Libya
Members of the security detail escorting Libyan Prime Minister Abdurrahim El-Keib on his visit to Sabha, gesture from a truck, April 1, 2012. Reuters

At the end of the revolution that overthrew Moammar Gadhafi last year, Libya's transitional government -- the National Transitional Council -- appeared poised to usher in a new era of peace and democracy in a country dominated by a totalitarian regime for 42 years.

But in the past few months, Libya has descended into tribal warfare and clashes among militias vying in a power vacuum.

In the past week alone, nearly 150 people have been killed and 400 wounded in clashes in the oasis region of Sabha.
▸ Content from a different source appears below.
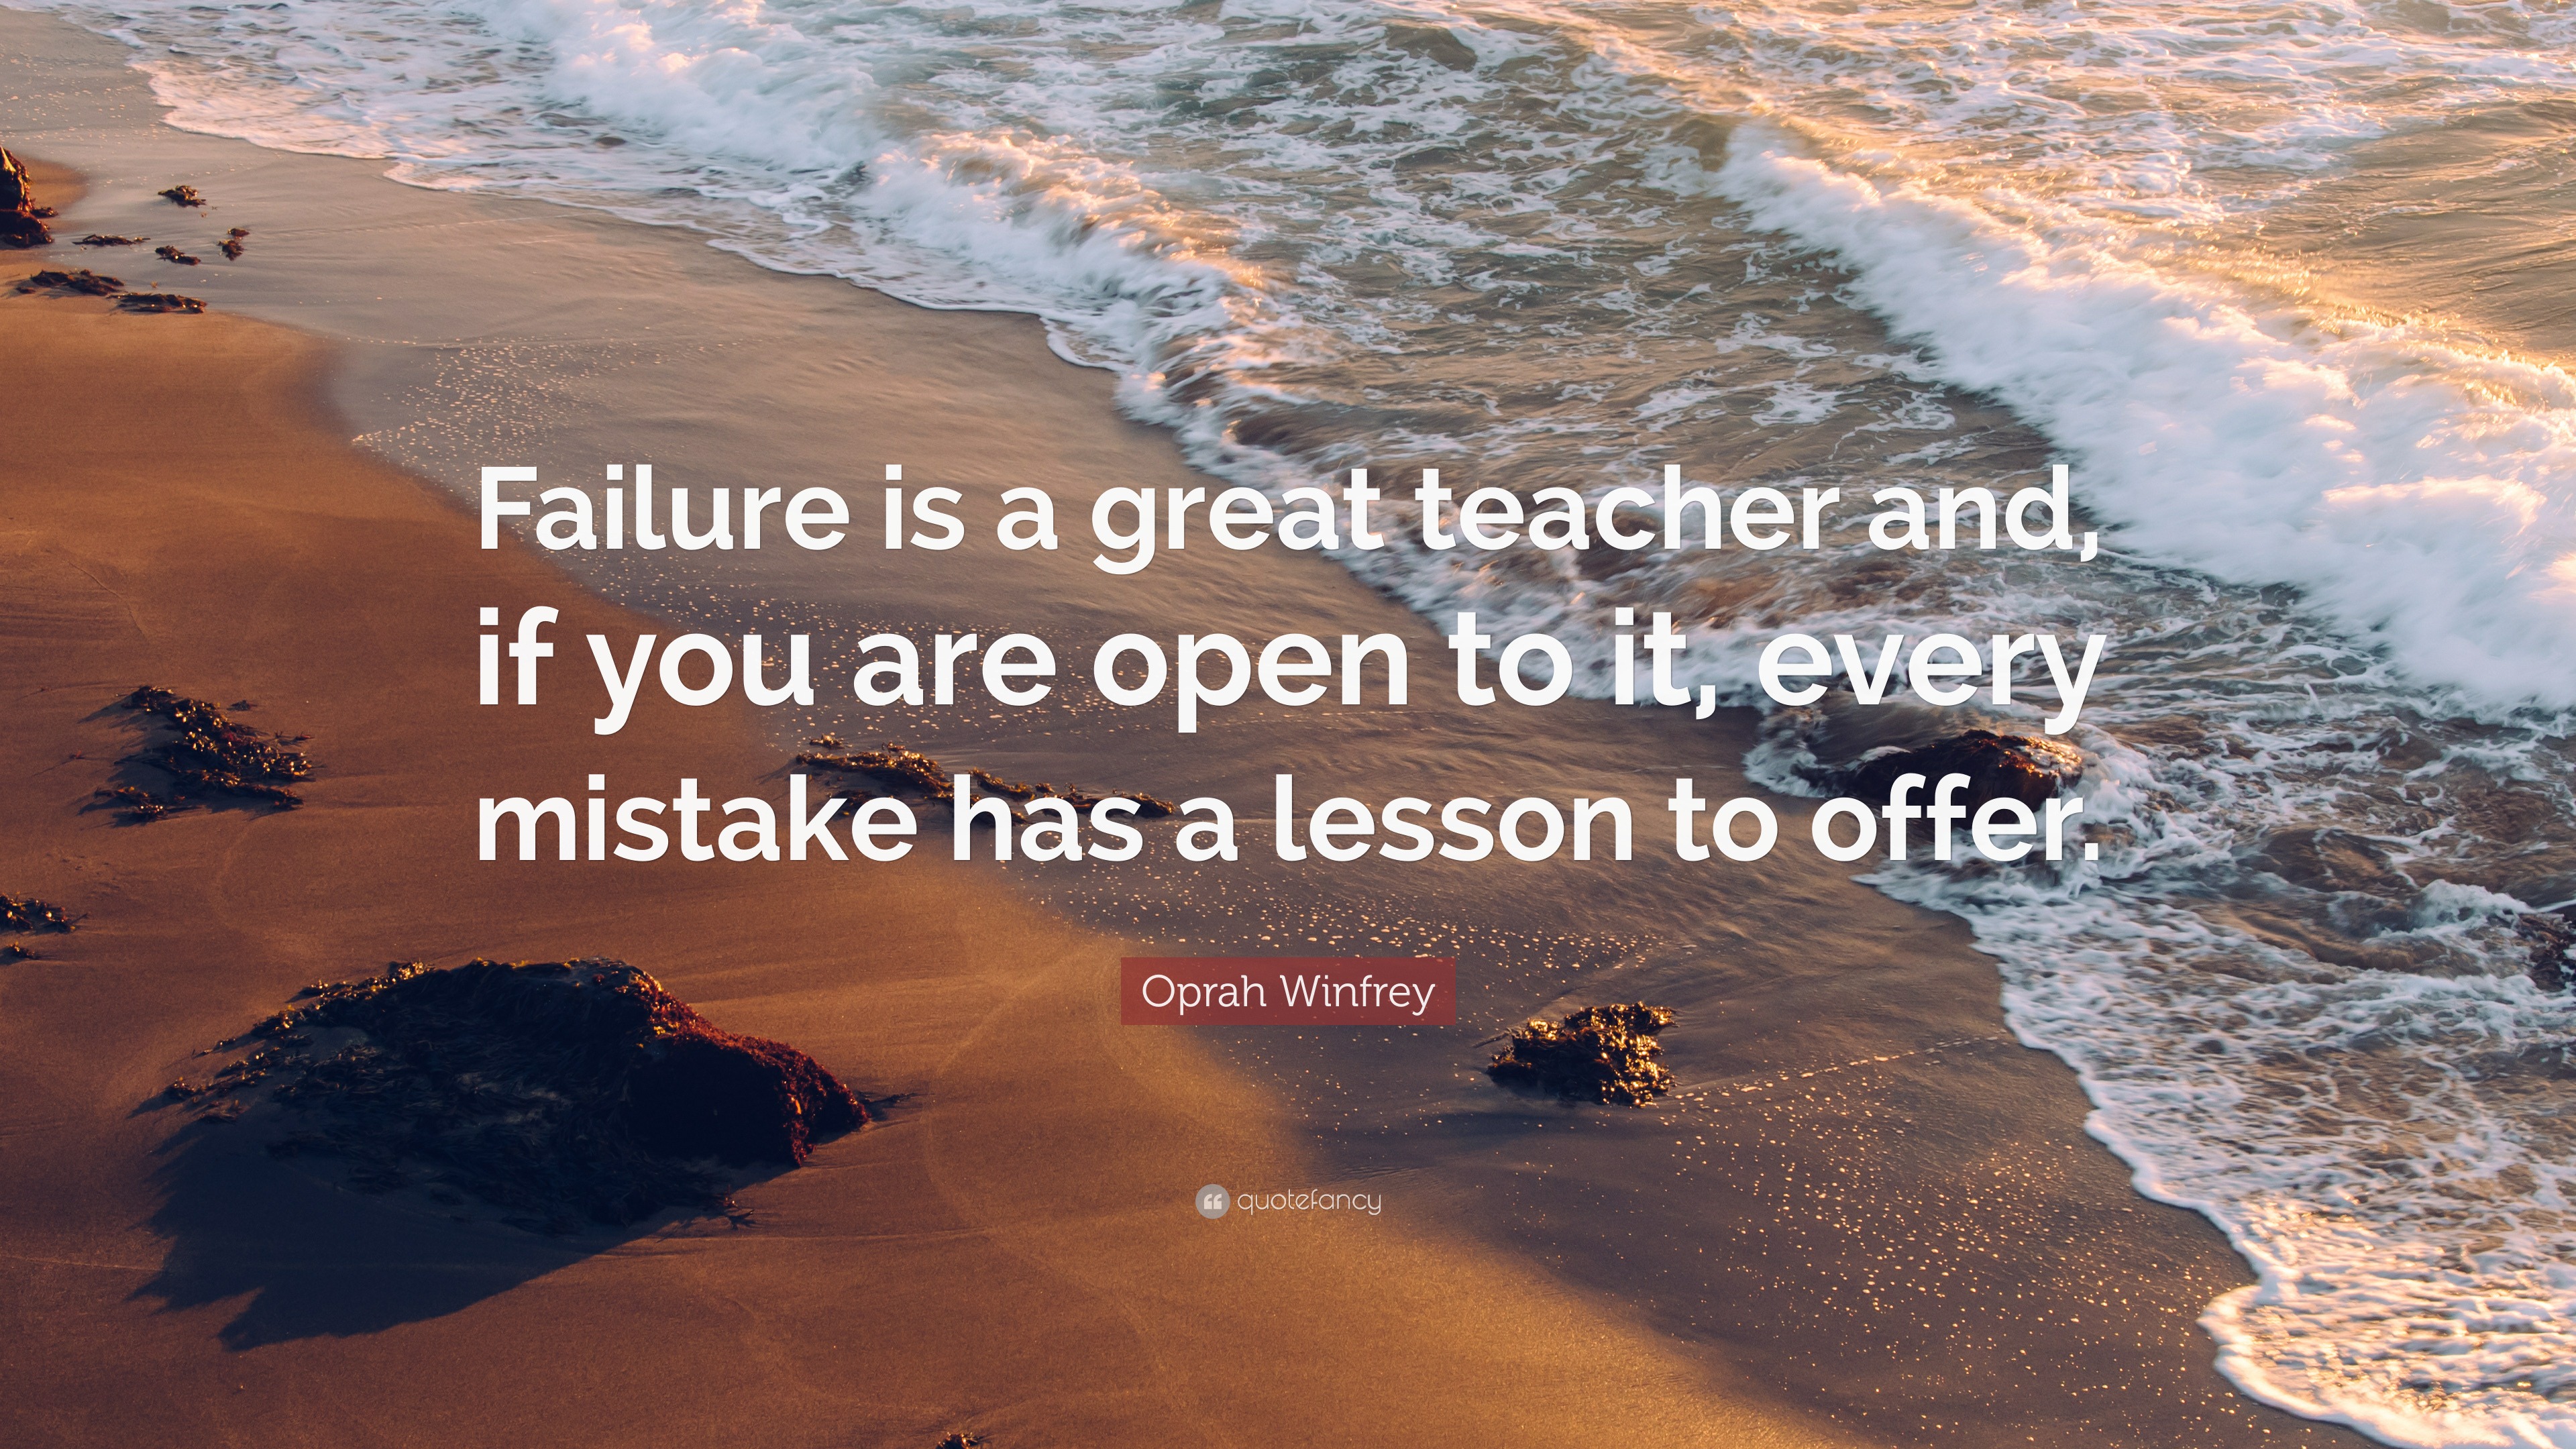 Oprah Winfrey Quote: “Failure is a great teacher and, if you are open

The city of Sabha was notably one of Gadhafi's strongholds during the civil war that began in February 2011. NTC fighters didn't take control of the city until a month before the conflict ended in October, and the current combatants fall along the same lines as those who battled each other seven months ago.

Now, the Sabha region's Arab tribes, who were purportedly loyal to the Gadhafi era regime, are fighting the black African Tabu tribe. Armed with mortars, automatic rifles and rockets, combatants battled in city streets. The Tabus had fought against Gadhafi, but the tribe has declared that it will form its own state if needed if Tripoli doesn't protect them from genocide, according to the Associated Press.

Libya's transitional Prime Minister Abdurrahim El-Keib visited Sabha on Sunday and played down the recent violence. The two sides agreed to a tenuous ceasefire, but ethnic tensions remain palpable. Additionally, the military has taken control of the city's airport.

Every Libyan is important to us. We're going to take care of them like we do take care of any other Libyan, like our brothers and sisters, Keib told Reuters. This problem has a historical background ... The past regime has used and abused this problem.

The NTC's fighters have disintegrated into a number of armed factions. The government still has an army and a national police force, but both are diminished in size, and the government has allied itself with a number of militias in an attempt to keep the country from collapsing.

Libya was flooded with weapons during the civil war, many of them confiscated from Gadhafi's former storehouses. Rebels are still armed and using force to exert their influence across the country, including in the capital of Tripoli. Some of them control the airports, others specific neighborhoods and some the city's Grand Hotel. Looting and violence are reportedly rampant.

The Washington Post described some of the country's militiamen as intoxicated and most of them unemployed, but still they control wide swaths of Tripoli and Libya as a whole.

Everything here is screwed up; we know that, Sadat El-Badri, deputy chairman of the Tripoli Local Council, told the publication.

We went from complete dictatorship to complete freedom in one step, and everyone is doing just exactly what they want.

Fighting also broke out on Monday between the neighboring towns of Ragdalein and Zwara, which sit near Libya's border with Tunisia. Warriors from Ragdalein reportedly took 34 hostages from Zwara over the weekend as retribution for frequent attacks and thefts. The Zwara tribe responded in kind, followed by clashes with automatic weapons.

During the civil war, the village of Ragdalein was a stopping point for Gadhafi loyalists, while its neighbor was under rebel control.

It is critical that the government and all sides take steps to further de-escalate the situation and address the underlying causes of this recent fighting, Nasser al-Manaa, the Libyan transitional government spokesman, told CNN.